Pop quiz!
Did you know that the European Southern Observatory took the first ever picture of an exoplanet (aka a planet outside our solar system) in the year 2004?
Do you think an incorrect answer to (1) is worth 100 billion dollars?
If by any chance, you are Google’s much anticipated new chatbot Bard, then no - you did not know this, falsely claiming in a recent demonstration that the James Webb Space Telescope was the first to snag a photo of an elusive exoplanet.
The answer to (2), in the peculiar circumstance where you are Google demoing the Chatbot that may or may not be the future of search - then yes, missing a factual question can cost you the big bucks.
But why did one innocent little mistake by a chatbot cause so much friction? And why open an article on the future of data teams with obscure trivia about exoplanets and chatbots?1
The markets had a strong response to Bard’s miss for two reasons:
Unless you’ve been living under a rock (and a very large rock at that) you’ve seen the hype waves from ChatGPT hitting every industry thought leader, thinkfluencer and prognosticator. The hype is real - but so is the fact that ChatGPT has proven to every business leader that we need to be taking the advances in artificial intelligence very seriously. This is doubly true for the tech giants, who are seeing the sands shift beneath them in ways that they haven’t had to contend with since the rise of smartphone.
Despite their undeniable promise, Large Language Models (LLMs) are weird. They can, as in the case of Bard, hallucinate2 false answers to questions. Or they can instantly turn from helpful search engines to something far stranger.

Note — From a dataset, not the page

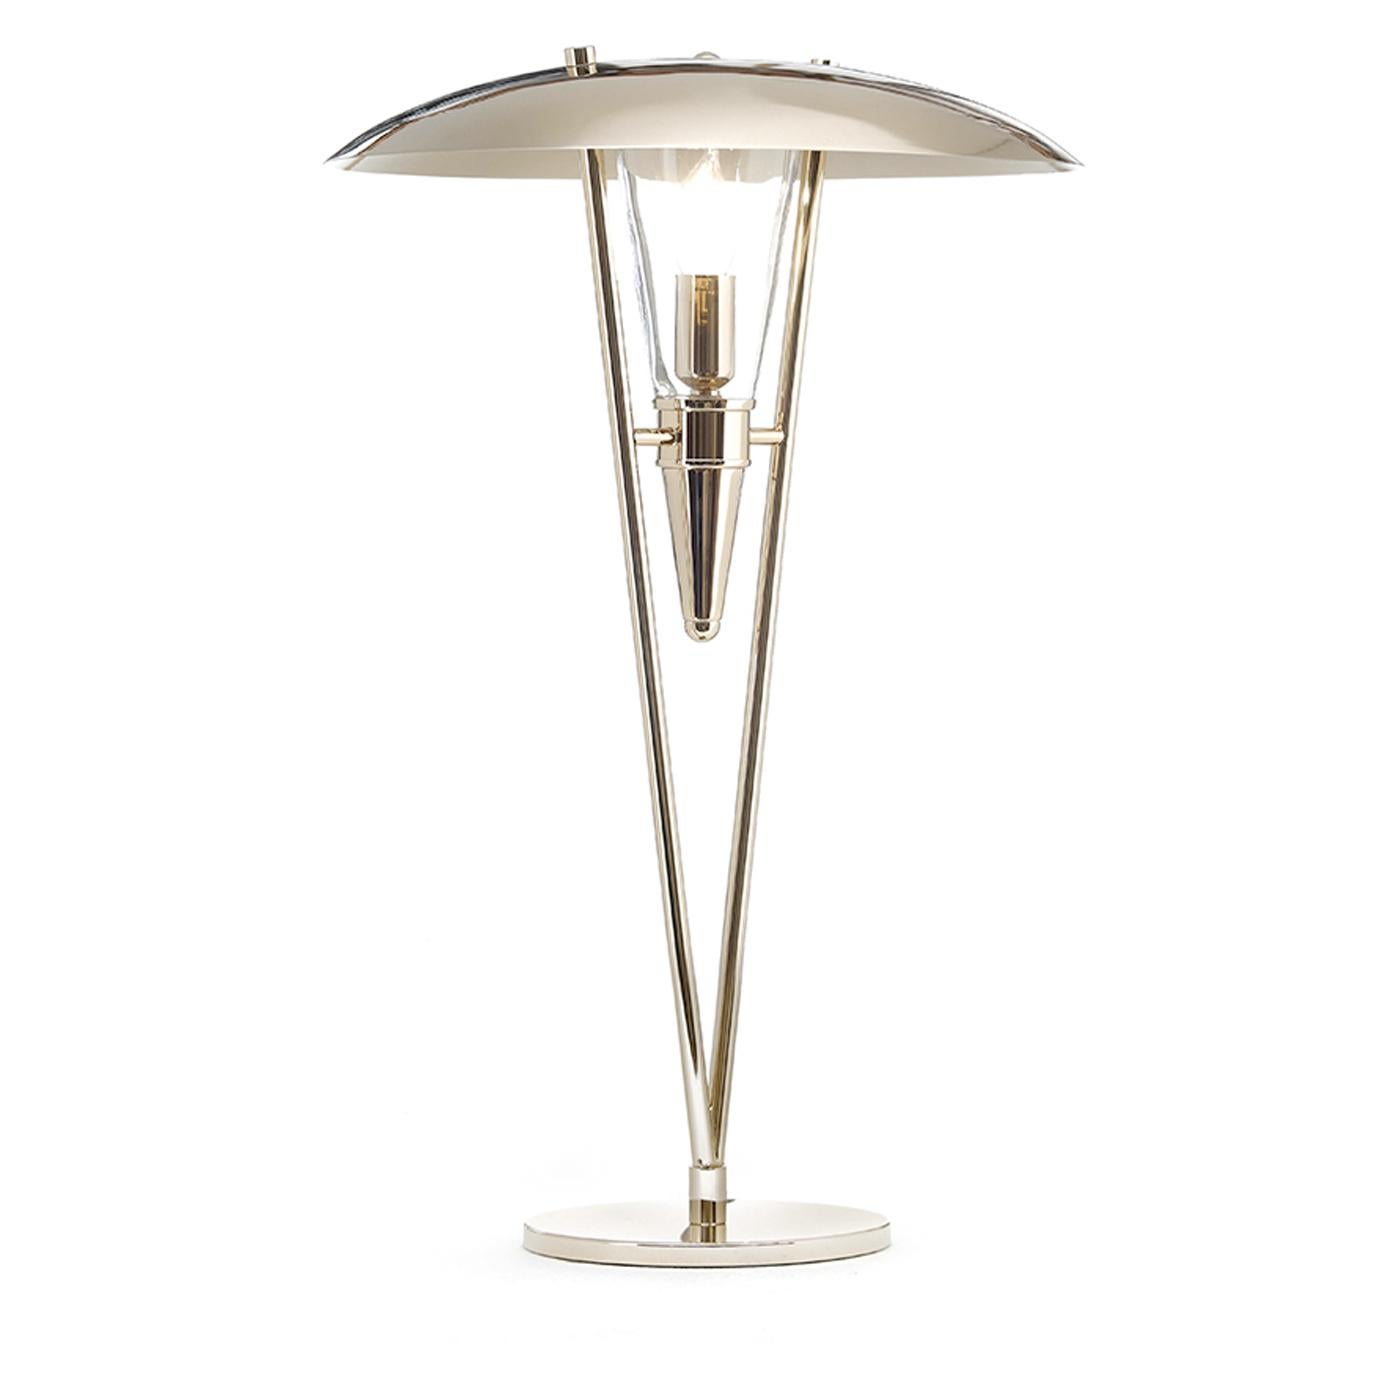 Italian Art Deco Table Lamp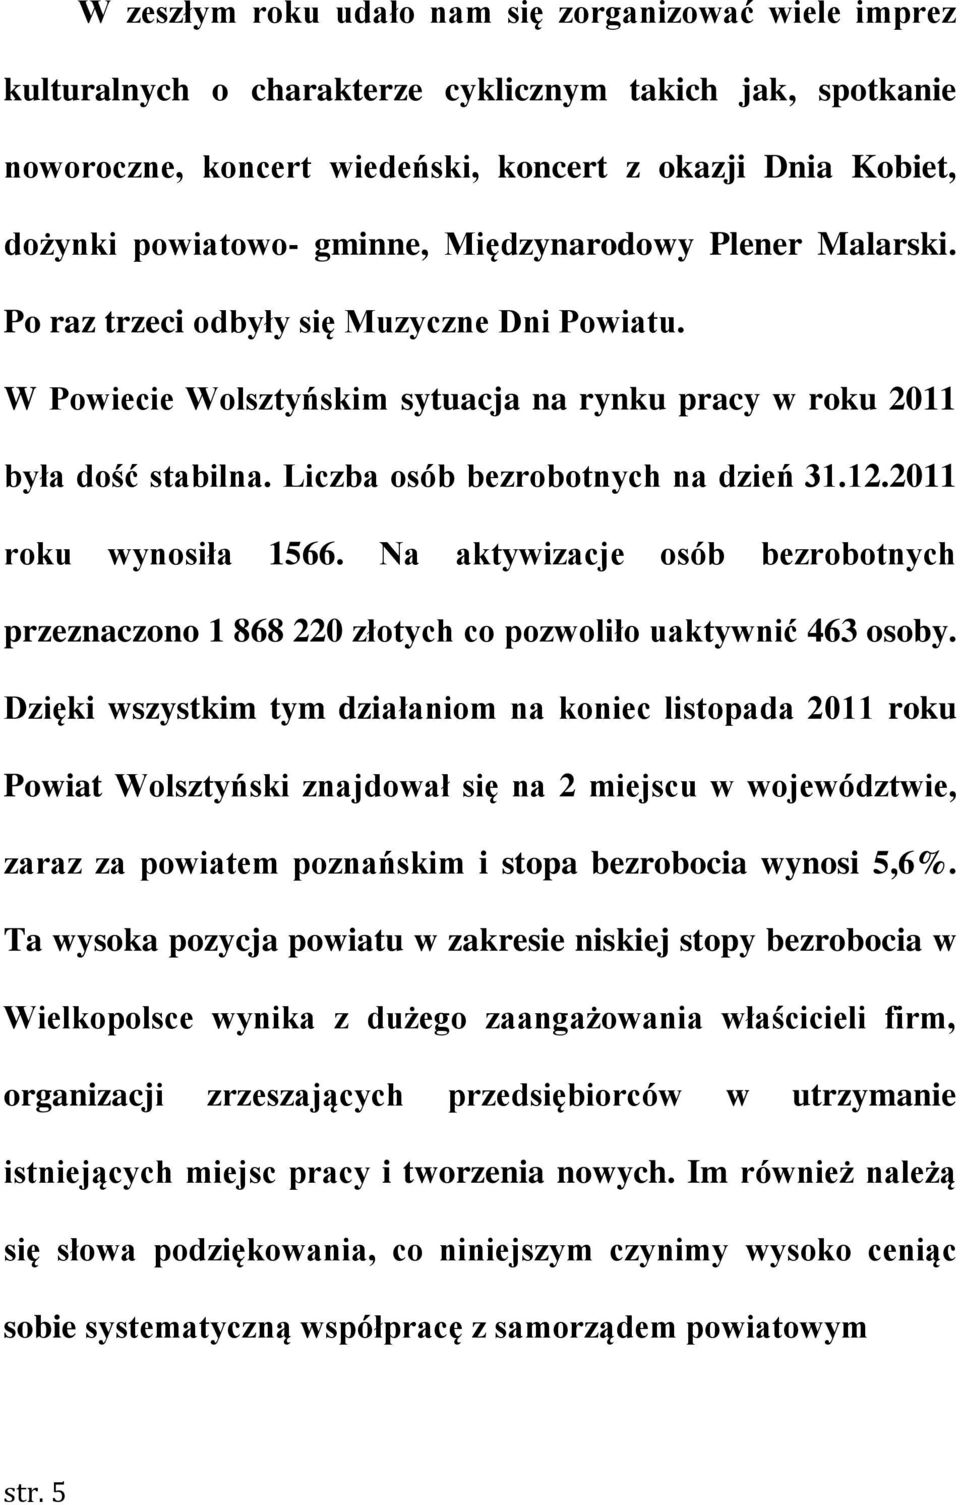 Liczba osób bezrobotnych na dzień 31.12.2011 roku wynosiła 1566. Na aktywizacje osób bezrobotnych przeznaczono 1 868 220 złotych co pozwoliło uaktywnić 463 osoby.

The fallout from Bard’s exoplanet mishap wasn’t just about that singular error - it raised questions about how we’ll be able to integrate these models into practical applications and business critical systems. It’s a dream to have a system that intelligently feeds you the correct answers to questions with instant knowledge and context over internet-sized surface areas, but it’s a nightmare that these systems might hallucinate3 a fake answer as easily as give you a real one.
This is where we start to see what the LLM revolution could mean for data teams - balancing the promise of instantaneous knowledge with the need to ensure guardrails and reliability. We’ve got great reason to think this is doable - but before we get there, we have to take one more journey - to see how the most advanced operational implementors of LLMs are already laying the groundwork for where we all might be going.
GenAI and the unmistakeable feeling of the future coming at you fast
Last week I had the chance4 to attend the first conference on Generative AI hosted by Jasper. Jasper is a pioneer in the area of enterprise deployment of LLM technology with a focus around using AI to generate marketing content. Their user base are some of the first people to be putting into practice a new set of LLM enabled workflows.
The overwhelming mood at the conference was giddy excitement mixed with stunned disbelief.5 The talks were an interesting juxtaposition between more traditional roadmap and feature updates for Jasper alongside wide ranging discussions about the future of AI. Everyone there felt something was coming, something with the potential to be big on a scale we’ve rarely witnessed before.
It’s one thing to hear that the future comes at you fast. It’s another to see it first hand.
The most interesting conversations I had weren’t with starry eyed futurists talking about scaling laws and the rise of AGI. They were with pragmatic marketing leaders who were there not because they were AI enthusiasts, but because they had already integrated Jasper into their content creation workflows and are seeing real value right now.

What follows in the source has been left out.